🤖 AI Summary
Addressing the challenge of simultaneously achieving low latency and robustness for online continuous gesture recognition in dynamic environments, this paper proposes an end-to-end online recognition framework tailored for real-time skeletal streams. Methodologically, we introduce a lightweight online architecture that uniquely integrates a spatial graph convolutional network (S-GCN) with a graph-structured Transformer encoder (TGE), augmented by a continual learning mechanism to mitigate data distribution shift. Evaluated on the SHREC’21 benchmark, our approach achieves state-of-the-art accuracy while significantly reducing false positive rates.
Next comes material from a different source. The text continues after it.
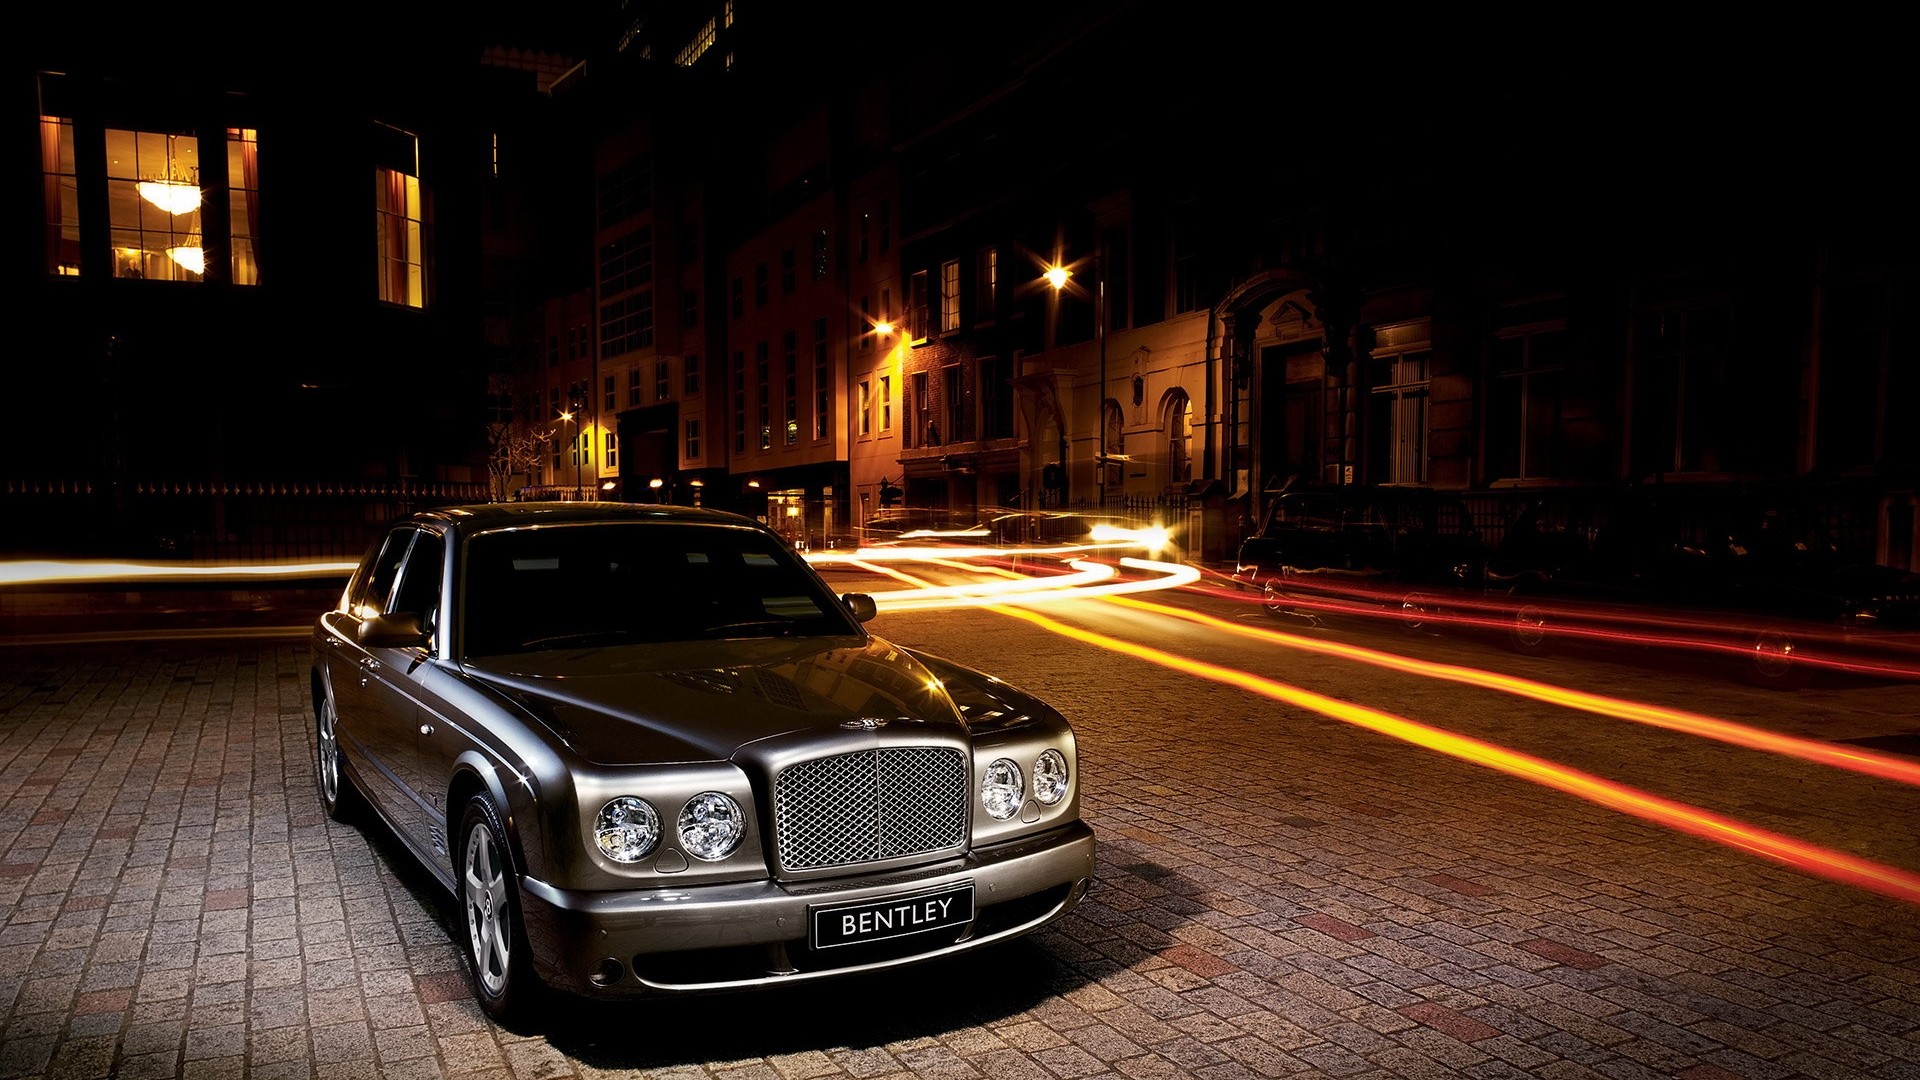 General 1920x1080 car Bentley night city long exposure light trails pavements gray cars British cars Volkswagen Group

Unlike conventional segment-based recognition paradigms, our framework enables high-accuracy, low-latency, and adaptive recognition of continuous gesture streams—marking the first such solution. This work establishes a novel paradigm for human–robot collaboration and assistive technologies, balancing real-time responsiveness with strong generalization capability.
📝 Abstract
Online continuous action recognition has emerged as a critical research area due to its practical implications in real-world applications, such as human-computer interaction, healthcare, and robotics. Among various modalities, skeleton-based approaches have gained significant popularity, demonstrating their effectiveness in capturing 3D temporal data while ensuring robustness to environmental variations. However, most existing works focus on segment-based recognition, making them unsuitable for real-time, continuous recognition scenarios. In this paper, we propose a novel online recognition system designed for real-time skeleton sequence streaming. Our approach leverages a hybrid architecture combining Spatial Graph Convolutional Networks (S-GCN) for spatial feature extraction and a Transformer-based Graph Encoder (TGE) for capturing temporal dependencies across frames. Additionally, we introduce a continual learning mechanism to enhance model adaptability to evolving data distributions, ensuring robust recognition in dynamic environments. We evaluate our method on the SHREC'21 benchmark dataset, demonstrating its superior performance in online hand gesture recognition. Our approach not only achieves state-of-the-art accuracy but also significantly reduces false positive rates, making it a compelling solution for real-time applications. The proposed system can be seamlessly integrated into various domains, including human-robot collaboration and assistive technologies, where natural and intuitive interaction is crucial.